Single40'S diary

「40過ぎて独身で」と言ってる間にはや還暦のブログ

A氏の事情

どうでもよいのですが、某芸能人A氏が覚せい剤使用の疑いで逮捕拘留され、昨日、嫌疑不十分で不起訴となり釈放。
その理由を、警察は「尿検査の尿が本人のものと特定できなかったため」と発表したようで、そのとおりな報道があふれています。

尿は自宅で採取したようですが、自宅の狭いトイレで「被疑者以外の尿が混入する」わけがないのは、小学生が考えてもわかります。
でも、そのように発表するのは、警察が記者クラブでそう発表したからです。
はい、マスコミなんて、記者クラブ大本営発表をそのまま流せば足りる、お気楽な仕事ですね。
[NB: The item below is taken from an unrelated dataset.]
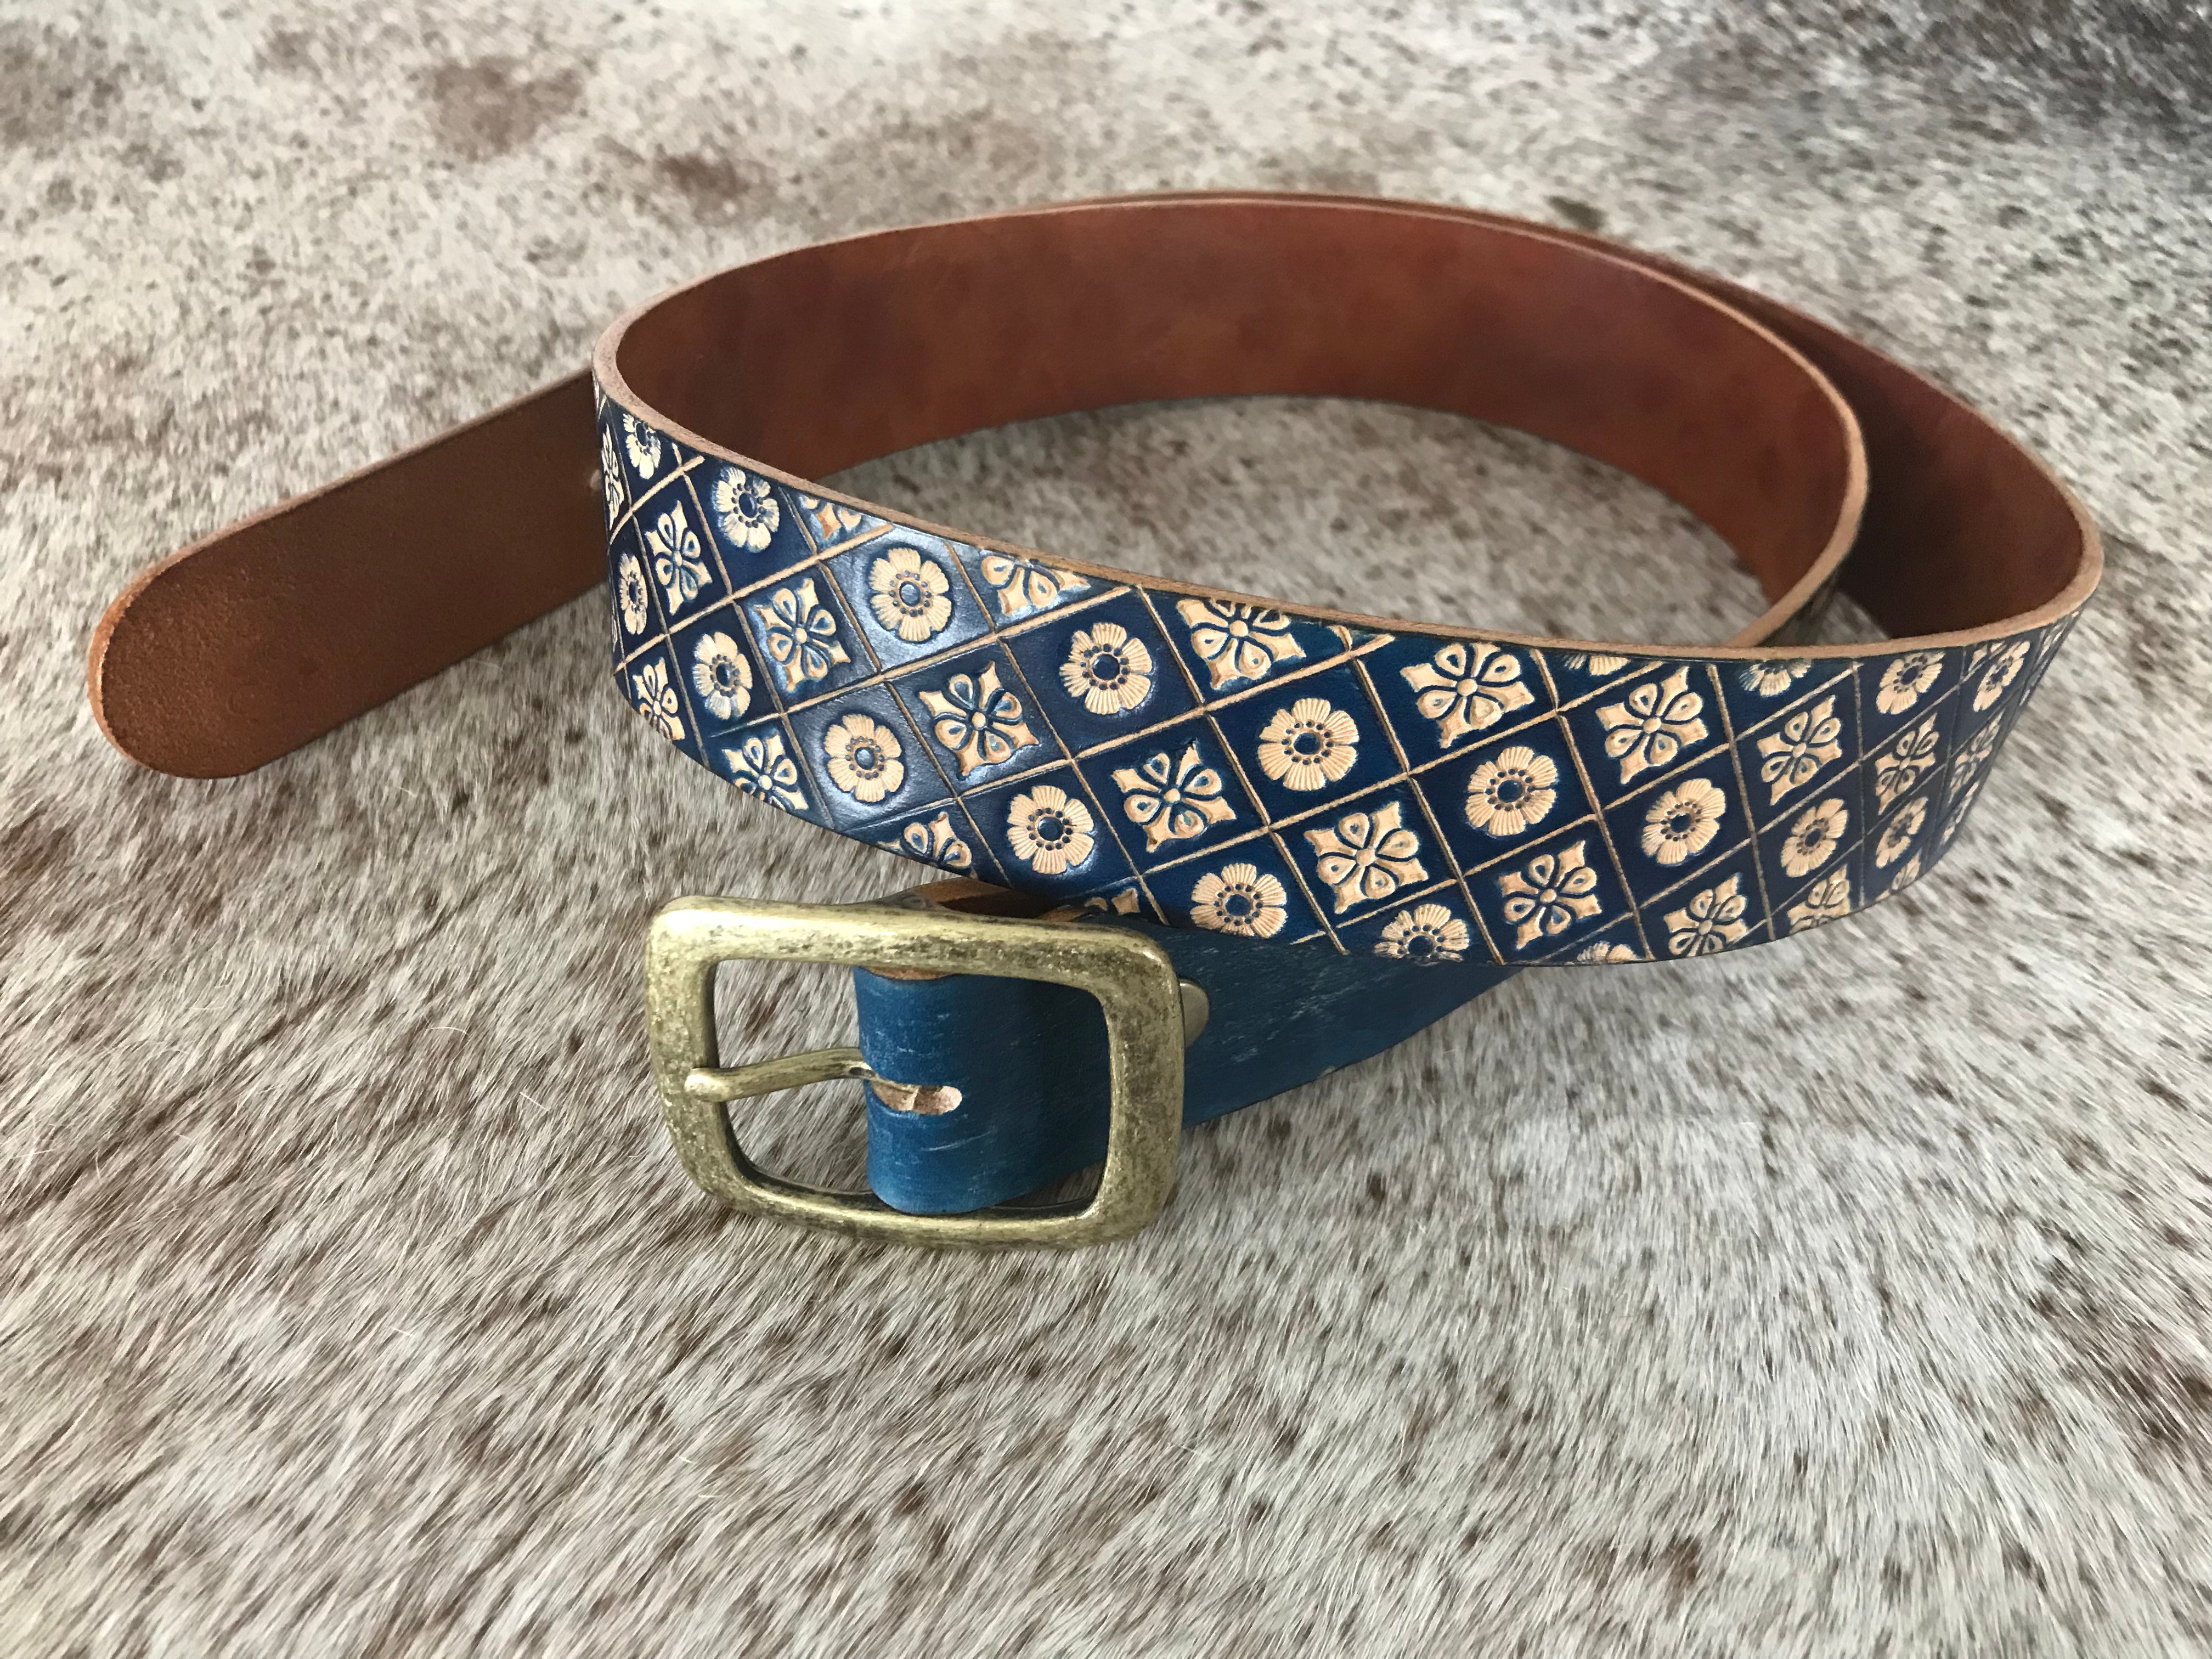 Louis Vuitton Mens Belts, Grey, Stock Confirmation Required 120 cm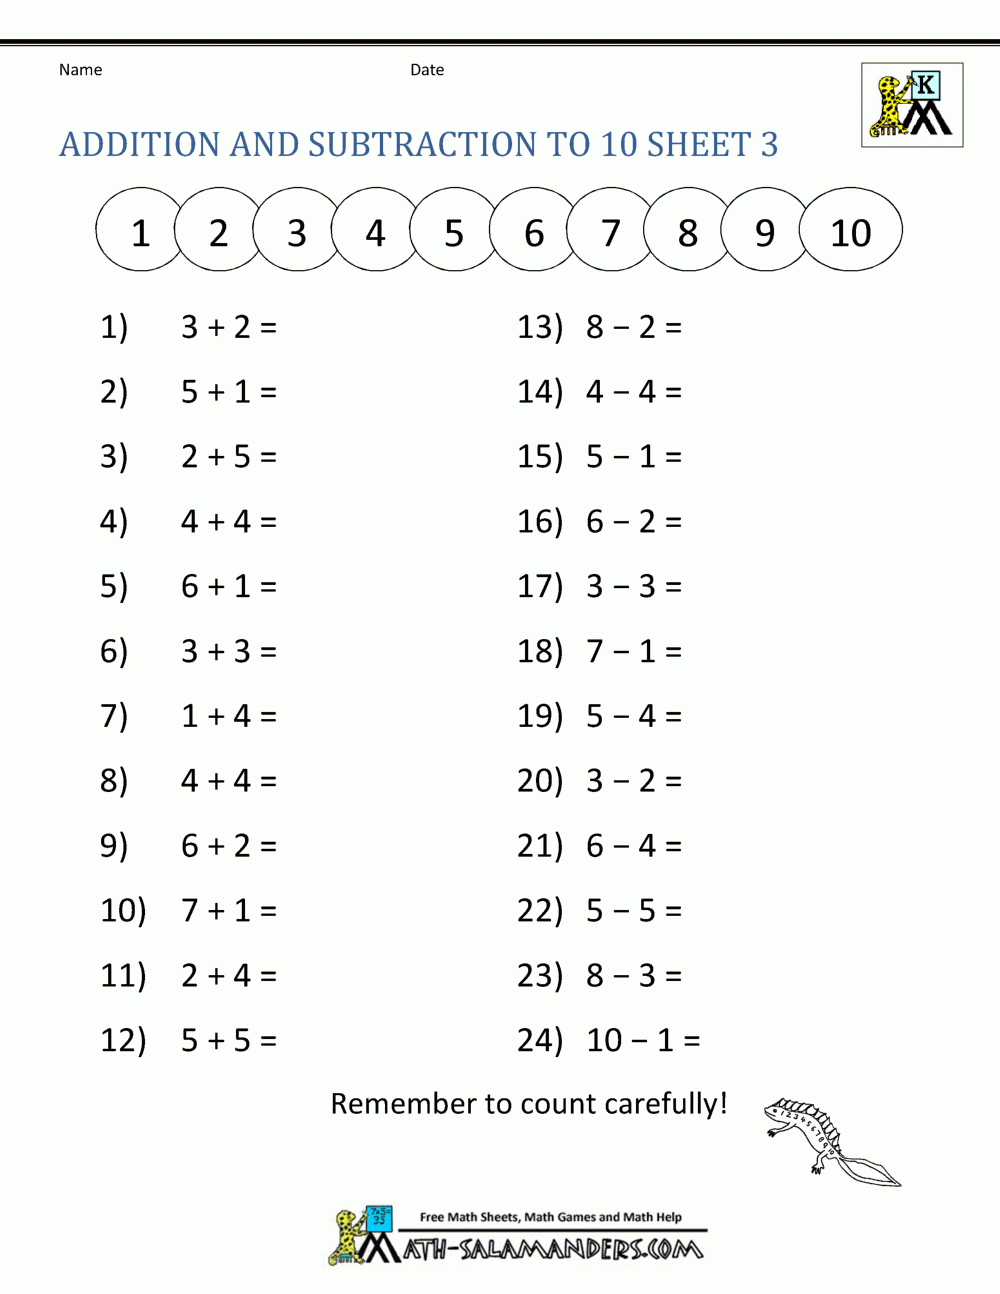 Kindergarten Addition And Subtraction Worksheets pertaining to Free Printable Addition And Subtraction Worksheets

すこし考えますと、警察の発表は「そう検察に言われた」のに、違いありません。警察の不手際だから、検察としては起訴できない、と言われたわけでしょう。
「へいへい、わかりましたよ」
とぶんむくれて、そのまま発表したわけです。
「ええ、どうせ、うちが悪いんでしょ。ふん」

で、どうして検察が起訴できないか。
これは「実務法の問題」になります。
覚せい剤は、必ず「所持」と「使用」がセットで起訴されます。
法律的には、覚せい剤の使用の罪と、所持の罪は別です。「ですから、それぞれ単独に起訴し処罰できる」これは、司法試験なら○。でも、実務法ではバツです。
A氏の自宅からは、覚せい剤が見つからなかった。(警察が見つけられなかった)
すると、公判になった場合、弁護士は必ずこう主張します。
「A氏の尿検査の反応は、検査の手違いか、あるいは警察の捏造である。なぜなら、A氏の自宅から、覚せい剤はみつかっていないではないか。ないものを使うことは、誰にもできない」
検察としては、これは痛い。たしかに、ないものを使うことはできないのです。これだと、裁判長は「疑わしきは罰せず」の原則どおり、無罪を言い渡すでしょうね。
その上で、検察に苦言を呈するはずです。
「現物も見つからないのに、よく起訴したねえ」
下手をすると、公判維持も難しい。

つまり、実務法では、使用と所持はセットなのです。これが、司法試験と違うところですね。
ですから、A氏の自宅から覚せい剤が見つからなかった時点で、ある程度、不起訴の結末は見えたわけです。

で、ここからが深刻な話です。
つまり、私がここでるる述べたようなことは、現場の記者は百も承知だということです。
それでも、そんなことはおくびにも出さず、警察発表どおりを、ただ報道するのです。
よけいな事情を報道して、記者クラブから出入り禁止でもくらった日には、楽してネタにありつけなくなります。
それが嫌なのですね。

この程度のマスコミだってこと。それが、一番深刻な問題なんですなあ。